Predicting the Impact of Electric Field Stimulation in a Detailed Computational Model of Cortical Tissue

TL;DR

This paper develops a detailed computational model of cortical tissue to predict how electric field stimulation affects neuron populations, capturing key electrophysiological responses and variability based on stimulation parameters.

Contribution

The study introduces a novel layered cortical tissue model with explicit neuron morphologies that accurately predicts neural responses to electric stimulation, validated against experimental data.

Findings

Model replicates depolarization levels in pyramidal neurons

Accelerates intrinsic oscillations during stimulation

Shows response variability based on layer depth and dendrite angle

Abstract

Neurostimulation using weak electric fields has generated excitement in recent years due to its potential as a medical intervention. However, study of this stimulation modality has been hampered by inconsistent results and large variability within and between studies. In order to begin addressing this variability we need to properly characterise the impact of the current on the underlying neuron populations. To develop and test a computational model capable of capturing the impact of electric field stimulation on networks of neurons. We construct a cortical tissue model with distinct layers and explicit neuron morphologies. We then apply a model of electrical stimulation and carry out multiple test case simulations.
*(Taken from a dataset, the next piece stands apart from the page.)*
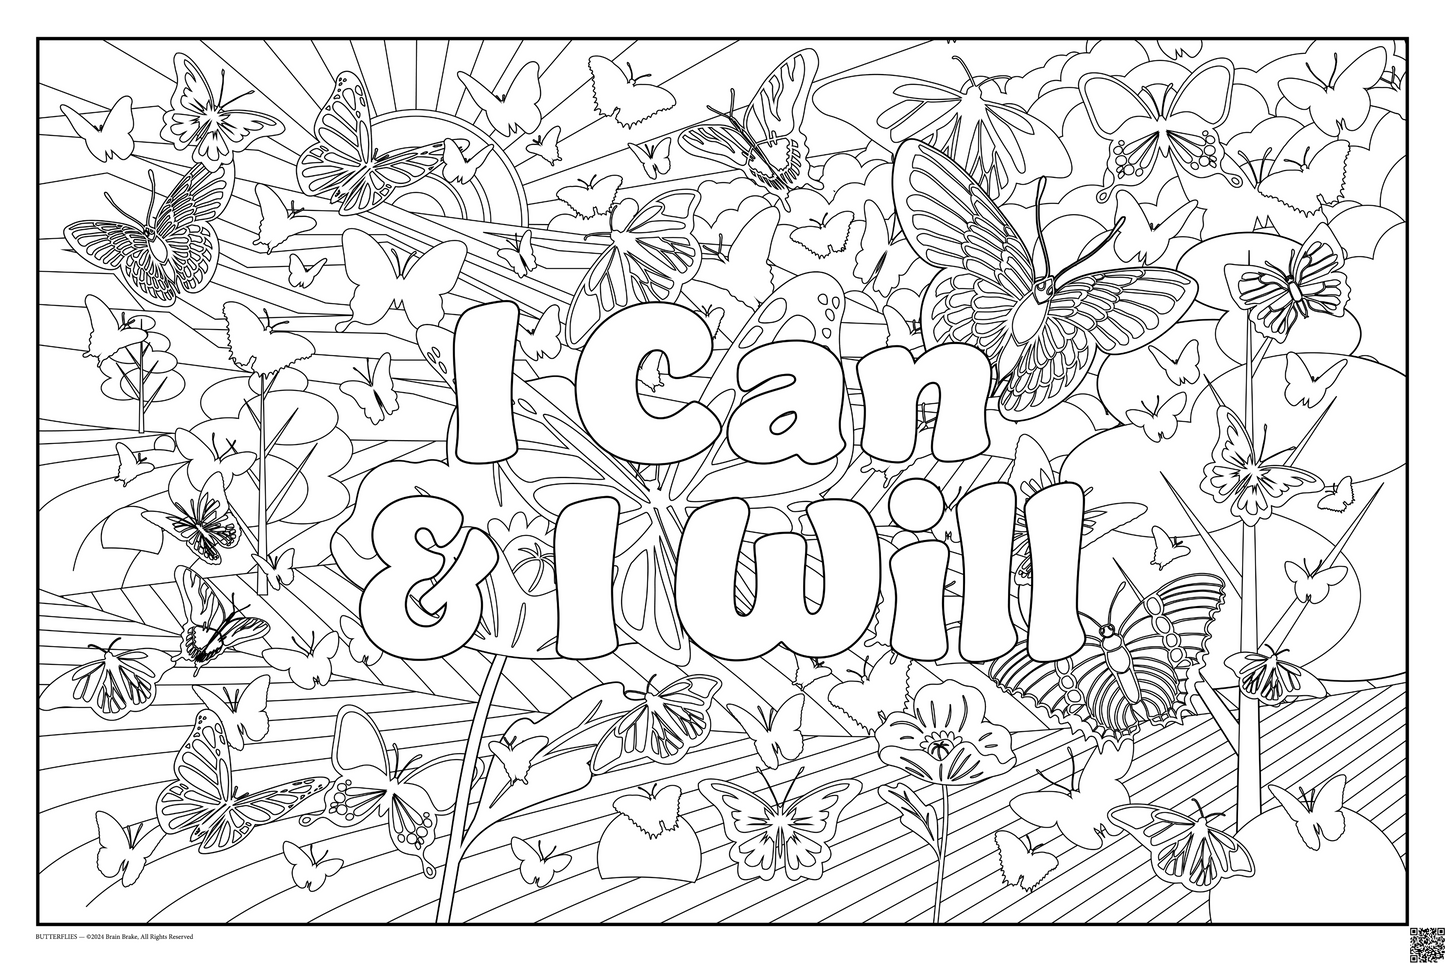 Calming Corner: I Can & I Will

The cortical slice model is compared to experimental literature and shown to capture the main features of the electrophysiological response to stimulation. Namely, the model showed 1) a similar level of depolarisation in individual pyramidal neurons, 2) acceleration of intrinsic oscillations, and 3) retention of the spatial profile of oscillations in different layers. We then apply alternative electric fields to demonstrate how the model can capture differences in neuronal responses to the electric field. We demonstrate that the tissue response is dependent on layer depth, the angle of the apical dendrite relative to the field, and stimulation strength. We present publicly available computational modelling software that predicts the neuron network population response to electric field stimulation.